No unmanned aircraft for Coast Guard as yet

THE HAGUE--The Coast Guard confiscated 1,024 kilos of cocaine, 7.5 kilos heroin and 68.5 kilos of marijuana and five firearms in the Dutch Caribbean in 2014. Five illegals were arrested and the Coast Guard was deployed 200 times in Search and Rescue (SAR) operations, during which 49 persons were brought to safety, Minister of Defence Jeanine Hennis-Plasschaert wrote in a letter to the Dutch Parliament's Second Chamber on Friday.

Minister Hennis presented the 2014 annual report of the Coast Guard's operations in the Caribbean part of the Dutch Kingdom, also on behalf of Minister of Home Affairs and Kingdom Relations Ronald Plasterk. The Coast Guard operated under a budget of 35.6 million euros last year.

As to the deployment of unmanned aircraft in the Caribbean, Minister Hennis said that tests with the lightweight aerial vehicle Raven proved it unfit for future air reconnaissance operations. The Minister announced "broader investigations" into other types of unmanned aircraft for the Coast Guard later this year.

Based on the annual plan and the Judiciary Policy Plan 2014-2017 the Coast Guard operations focused last year on the combatting of international drug transports, detection of firearms and illegal immigration and human smuggling and trafficking. Contacts with local stakeholders were improved, said Minister Hennis.

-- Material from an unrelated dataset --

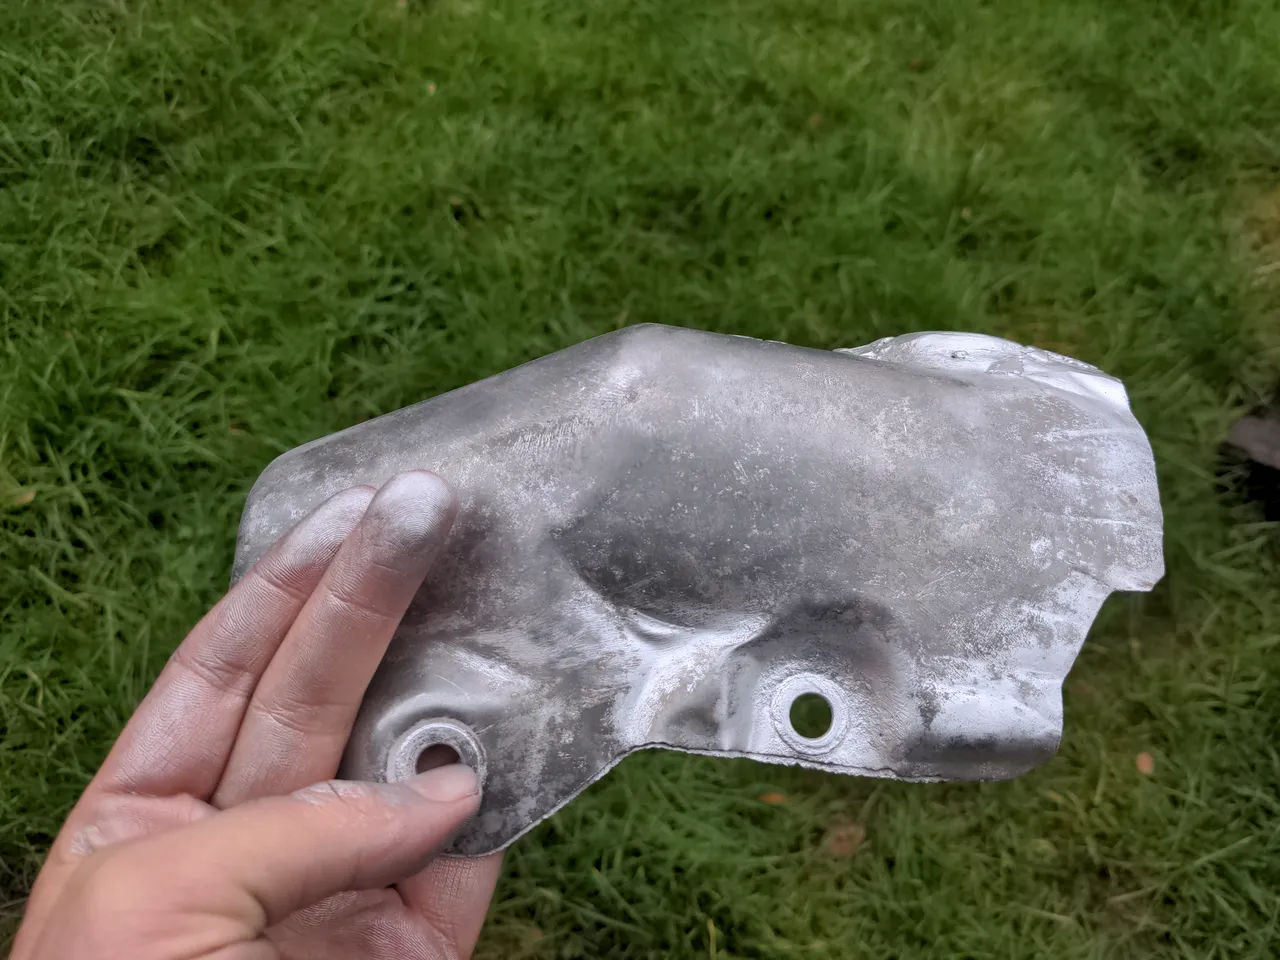 The heat shield in my hands. Two fingers are visible, coated in silver. The paint has almost entirely come off the heat shield.

International cooperation is also deemed of the utmost importance. Therefore, the Coast Guard, in cooperation with the Ministries of Home Affairs and Defence, closed Memorandums of Understanding with Colombia and Jamaica in the area of maritime law enforcement. The Coast Guard also took part in the large regional "Tradewinds" exercise near the Dominican Republic.

In connection with SAR-operations, which are held in St. Maarten in cooperation with Sea Rescue Foundation, it was stated that the cooperation with the French Coast Guard in joint patrols and patrols in the Dutch and French territorial waters have been temporarily suspended awaiting ratification of an operational cooperation agreement by the authorities in Paris.

Technical problems, caused by lightning, led to reduced availability of the coastal radar system in Aruba and Curaçao. "No progress has been observed in connection with the plans of France for a coastal radar system in St. Maarten. The plans are currently still in the preparatory phase. The progress will also be monitored in 2015. There is currently no financial room in the Coast Guard's budget to contribute to such a system," it was stated in the annual report.

The Coast Guard also holds (safety) inspections of vessels. In the report it was stated that inspections in St. Maarten remained 24 per cent below the norm of 800 vessels. Instead, only 607 vessels were inspected. According to the Coast Guard, this was due to the fact that during the 2014 high season there were fewer vessels to inspect than foreseen.

As to the AW-139 helicopter, it was stated that the aircraft was seconded to St. Maarten for two periods of two weeks, during which it was in the air for 100 hours. In total, the AW-139 was airborne for 991 hours.

The Cougar helicopter could not be deployed in St. Maarten because Princess Juliana International Airport SXM does not meet military safety requirements.

The Coast Guard station ships were deployed in the Windward Islands for 60 per cent of their available time.

In connection with St. Eustatius and Saba, the annual report stated that the Coast Guard was present on the islands for 146 days in 2014, which is 26 days above the 120-day norm.

Integrity issues were also mentioned in the report, in reference to a Coast Guard official in Curaçao, who was suspended under suspicion of drug possession and an officer in St. Maarten who had caused a traffic accident while driving without a licence.